The current firming of reinsurance is perceived as “not a classic hard market” by analysts at Peel Hunt, who after meeting with underwriters from the Lloyd’s market concluded that rate momentum should persist through 2021.
Brokers also concur with this assessment, Peel Hunt’s equity analyst team said, with their main conclusion being that “rates will maintain momentum in 2021 after accelerating in 2020.”
The analysts note that this January reinsurance renewals is the first one since the market began firming where “rates are having a compounding positive effect on underwriting margins.”
However, while the rate environment in reinsurance has been and is expected to continue to be positive for reinsurers, the analysts still aren’t convinced that their underwriting performance will dramatically improve.
Headwinds are everywhere, it seems, and the analysts cite: low interest rates; continued uncertainty over eventual losses from the COVID-19 pandemic; US casualty claims and social inflationary factors; increasingly frequent medium-sized catastrophe losses (such as California wildfires); recessionary claims; and ongoing concerns over the quality of reserves.
Together, the analysts say that these factors “could continue to erode headline profitability in the short term.”
Over the longer-term though, the analysts believe that once the market has reset its profitability, returns on equity (RoE’s) should “markedly improve.”
“Those carriers with legacy issues will lag those start-ups that have built scale in the past few years but without the legacy issues of the past,” the analysts say, echoing our earlier article stating that reinsurance startups with a clean slate may be the best place to deploy capital right now.
The Lloyd’s players that Peel Hunt’s analyst team spoke with all suggested that insurance rates are moving faster than reinsurance around the January 1st 2021 renewals.
Leading the analysts to suggest that, “The momentum in insurance still has legs and is broad based.”
Which suggests the potential for some more tailwinds for reinsurance rates going forwards as well.
While the reinsurance brokers have largely cited reinsurance rates as having risen by mid-single digits, Peel Hunt said that two of the largest syndicates and managing agents at Lloyd’s have said that their rates were up between 7% and 9%, while loss affected accounts were in the double-digits.
We’d concur that there is nothing “classic” about reinsurance markets now anyway.
While the discussion over the death of the reinsurance cycle has largely gone away, as it clearly responded to the wide range of pressures the industry has faced on profitability, we still believe this is a cycle driven by a need for profits and hope that underwriters are resetting baselines on price, to ensure future profits.
As ever, capital is the wildcard and with forecasts suggesting more capital will flow into reinsurance through 2021, the market may enter a delicate balancing-act on rates by the end of 2021, without further significant loss activity and increases in burden due to COVID.

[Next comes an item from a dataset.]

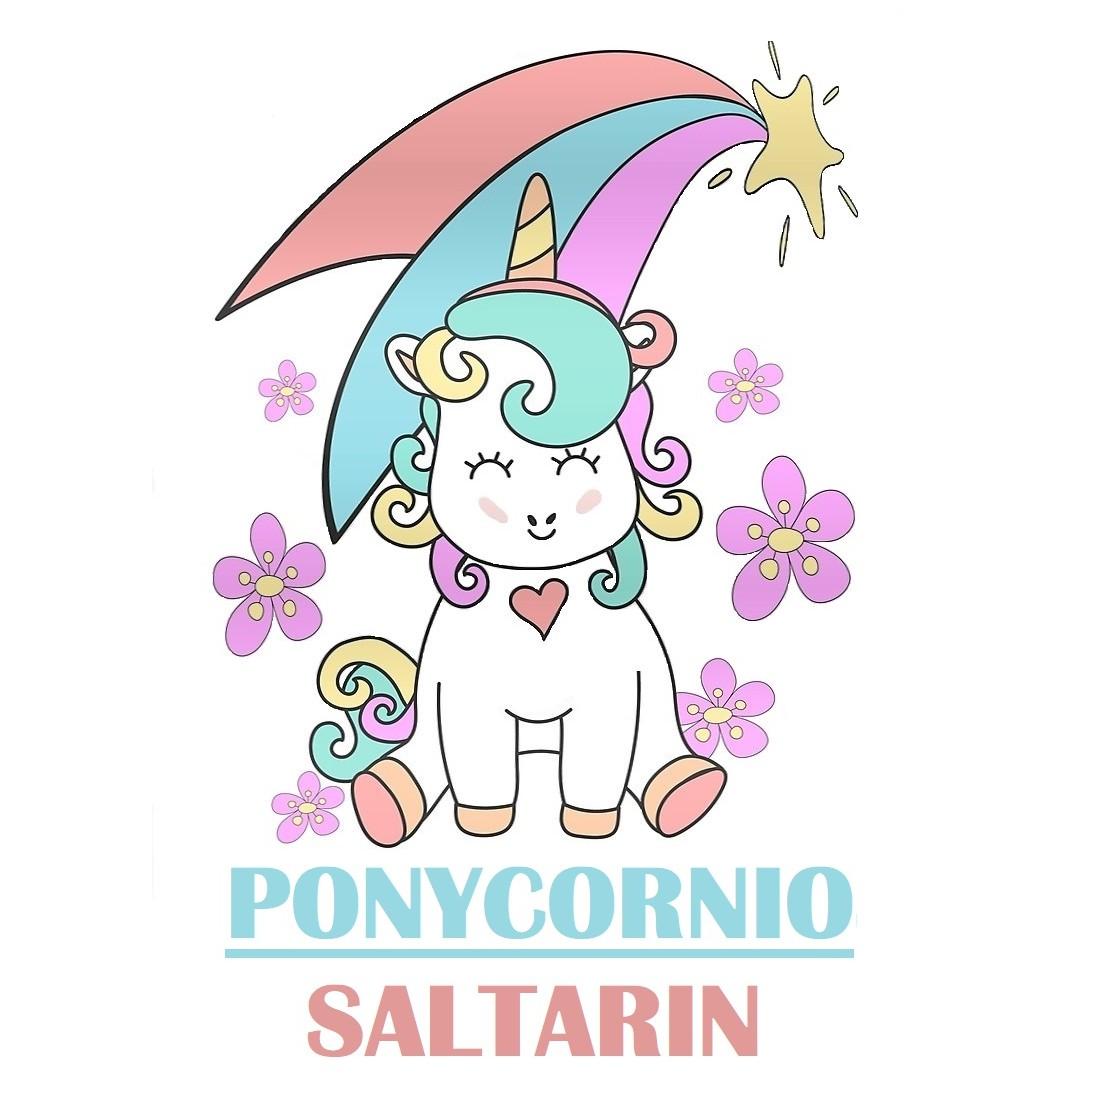 Ponycornio Saltarin-
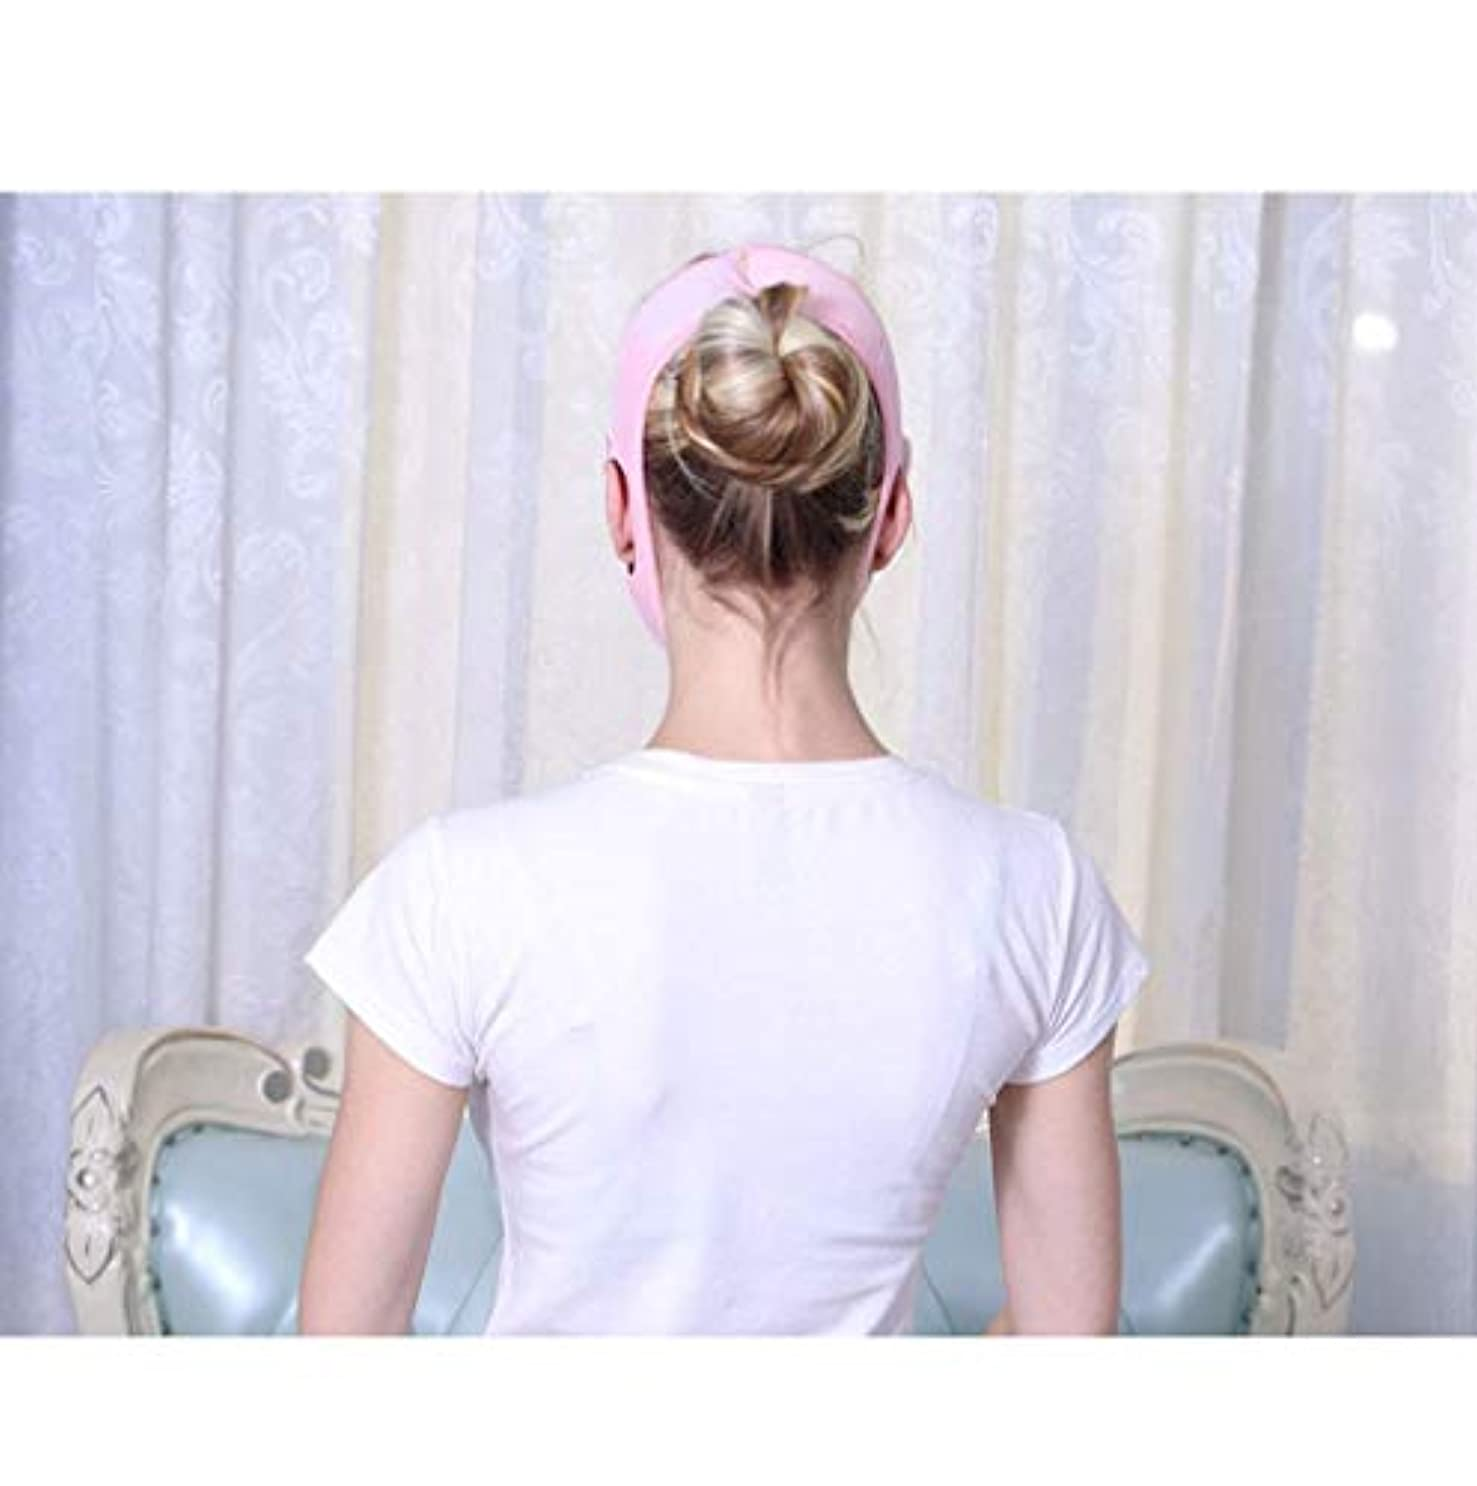 打撃逸脱反響する薄型フェイスベルト、V字絆創膏ダブルマスクあご取り法用マスクリフティングファーミングスリーピングマスク(カラー:ホワイト),ピンク

Once an equilibrium on price is achieved, to deliver the RoE’s reinsurers require over the longer-term, it’s likely we’ll see other dynamics coming into play, particularly efficiency of operations, expense and capital.
In some quarters these important market dynamics have been forgotten, in favour of making hay while the market hardened.
But, in reinsurance, there is still a better way to do business and a significant expense and cost load placed on every dollar of risk transferred.
At some stage the focus will have to revert back to that, especially as the market increasingly features new players that are less encumbered by legacy, on the risk and operational sides.
These dynamics suggest there is nothing classic about reinsurance right now. Rather a wholesale resetting of rates is ongoing, as profitable levels of underwriting return are sought.
Which should persist, as the analysts suggest, for a time at least.
As we’ve repeatedly said, reinsurance pricing needs to cover loss costs, cost-of-capital, expenses and a margin. If the current momentum persists long-enough, it will eventually reach a point where capital/efficiency etc tip the rate momentum once again.
Leaving reinsurance poised for a fascinating few years, as the same old dynamics of capital, costs, efficiency and structure return to the forefront, alongside potential new ones that may get an increasing focus as well, service provision and responsiveness to client needs.